I would like to train a classifier on an RDD[LabeledPoint] using only a subset of the features in each LabeledPoint (both to quickly adjust the model, and to include items in each LabeledPoint such as IDs or evaluation metrics that are not features). I have searched the documentation and cannot find a way to specify which columns should be included or ignored. Code is below, am using Spark and MLLib 1.3.1, Scala 2.10.4.
If specific feature exclusion is not possible, it would still be helpful to include an ID with each data point that is ignored during training. Any help is appreciated!
val numClasses = 2
val categoricalFeaturesInfo = Map[Int, Int](5 -> 2)
val numTrees = 100
val featureSubsetStrategy = "auto"
val impurity = "gini"
val maxDepth = 6
val maxBins = 20
val model = RandomForest.trainClassifier(trainingData, numClasses, categoricalFeaturesInfo, numTrees, featureSubsetStrategy, impurity, maxDepth, maxBins)

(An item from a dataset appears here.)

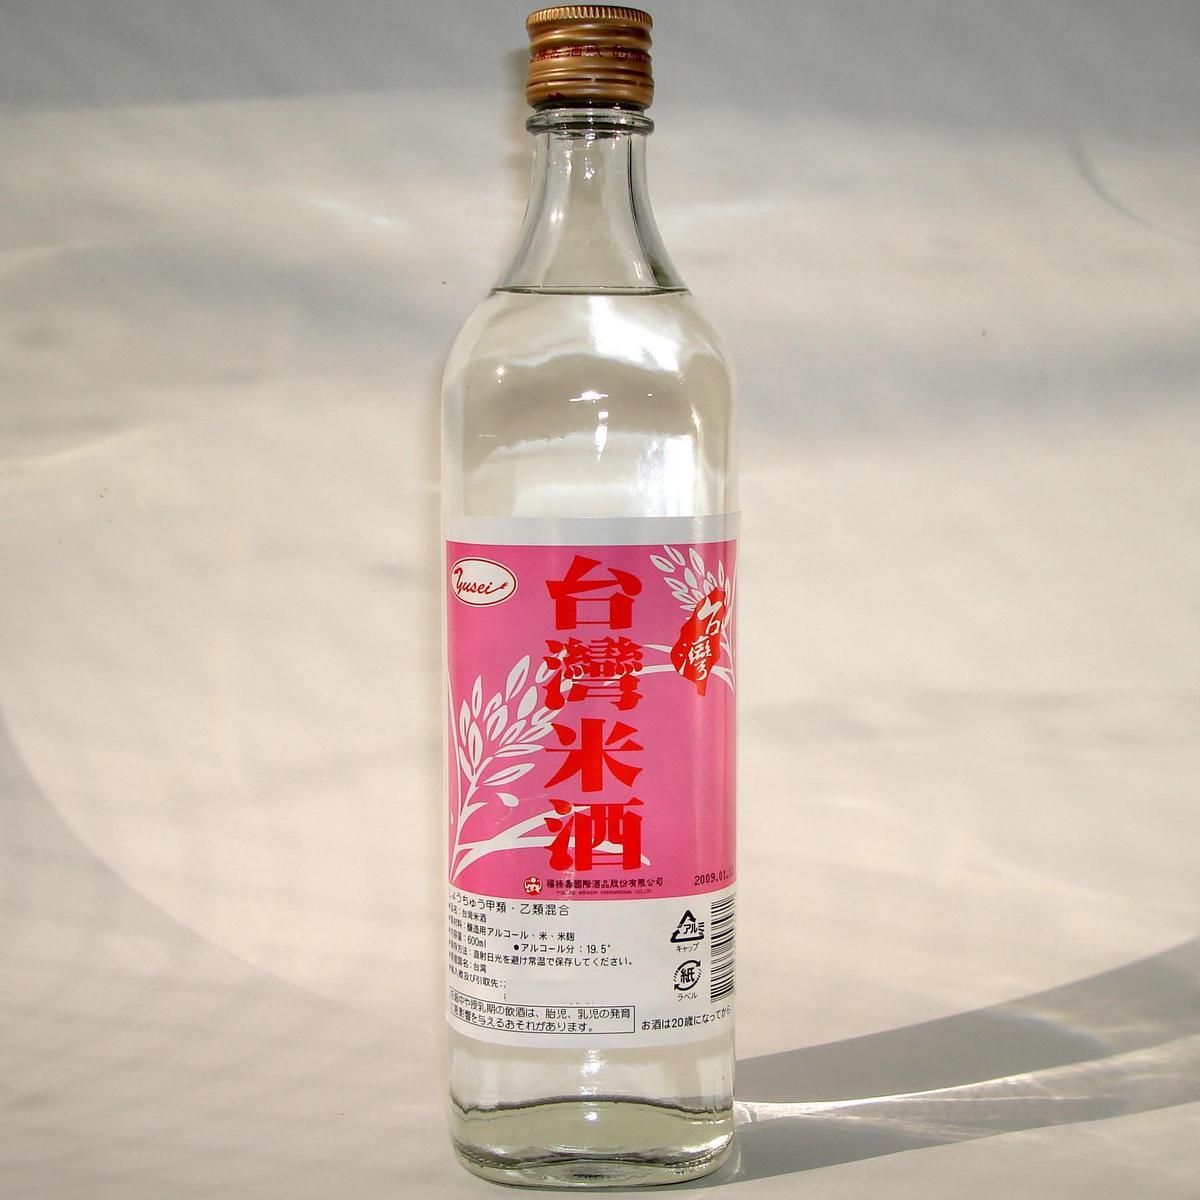 台湾米酒 12本/ガラス瓶【米焼酎】台湾産料理酒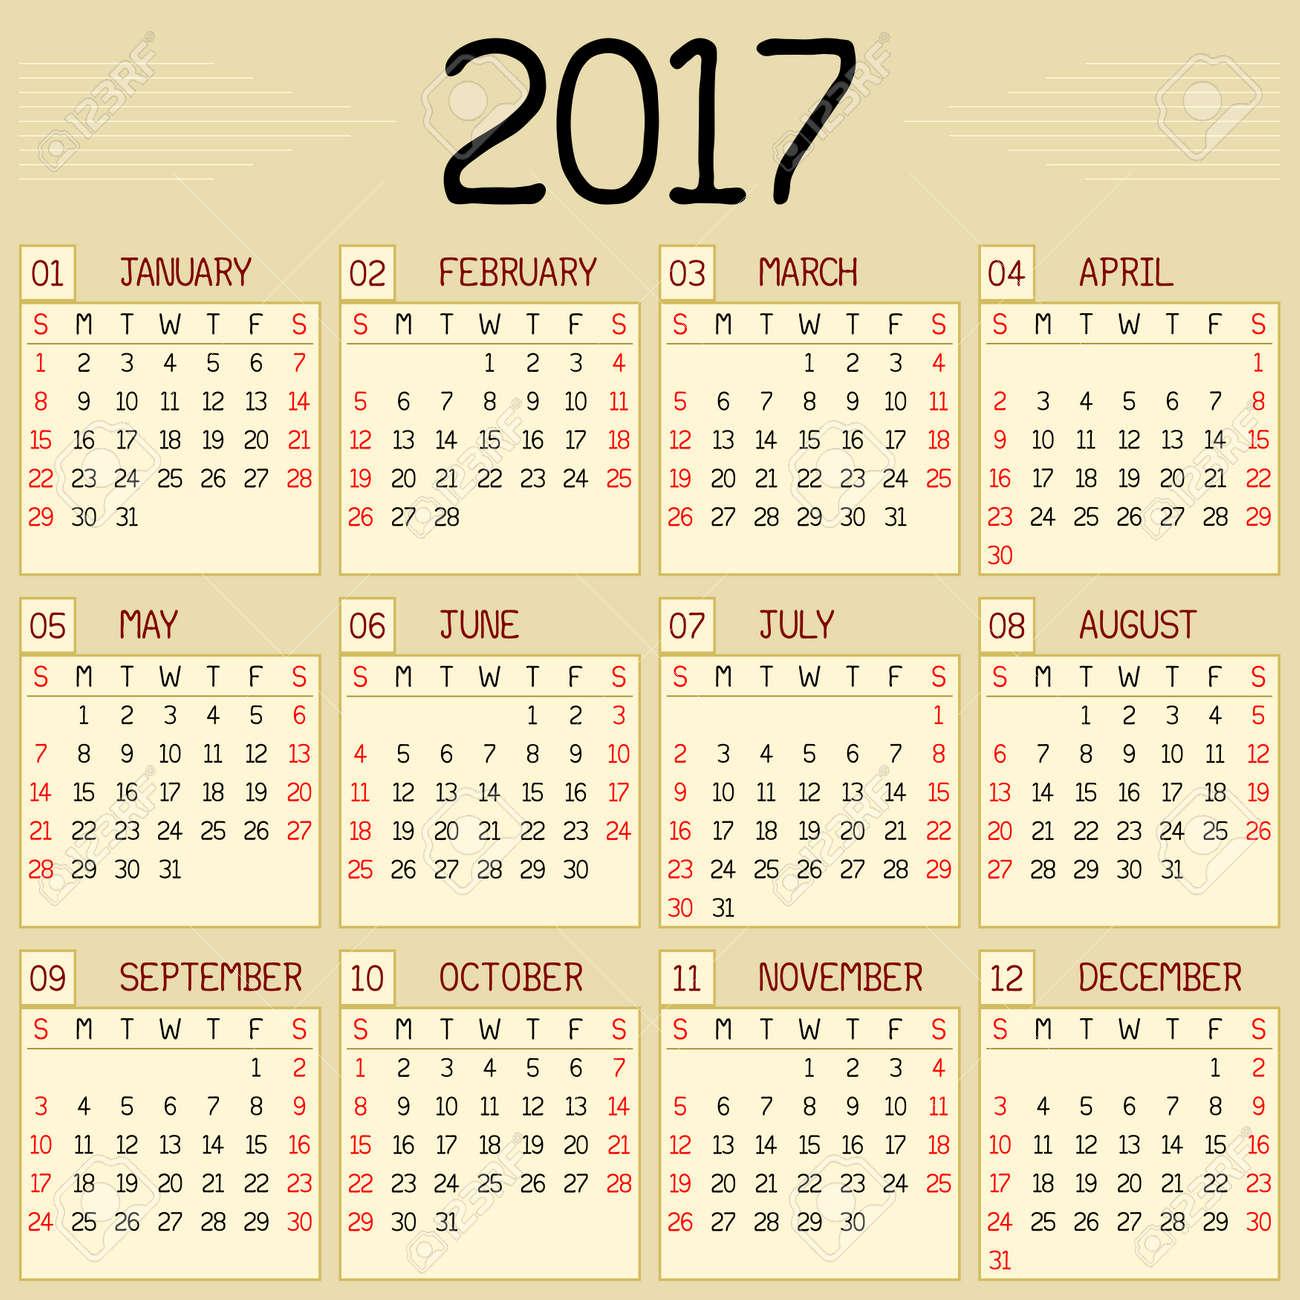 Année 2017 Calendrier Un Calendrier Mensuel Pour Lannée 2017 Un Style Manuscrit Personnalisé Est Utilisé

Do you want to select subset of features one before building the model or you want to have some custom strategy for RandomForest classifier to use between iterations?
If it is the first case - you can transform trainingData with map transformation before building the model.
See feature selection section in MLlib - Feature Extraction and Transformation for examples of feature selection.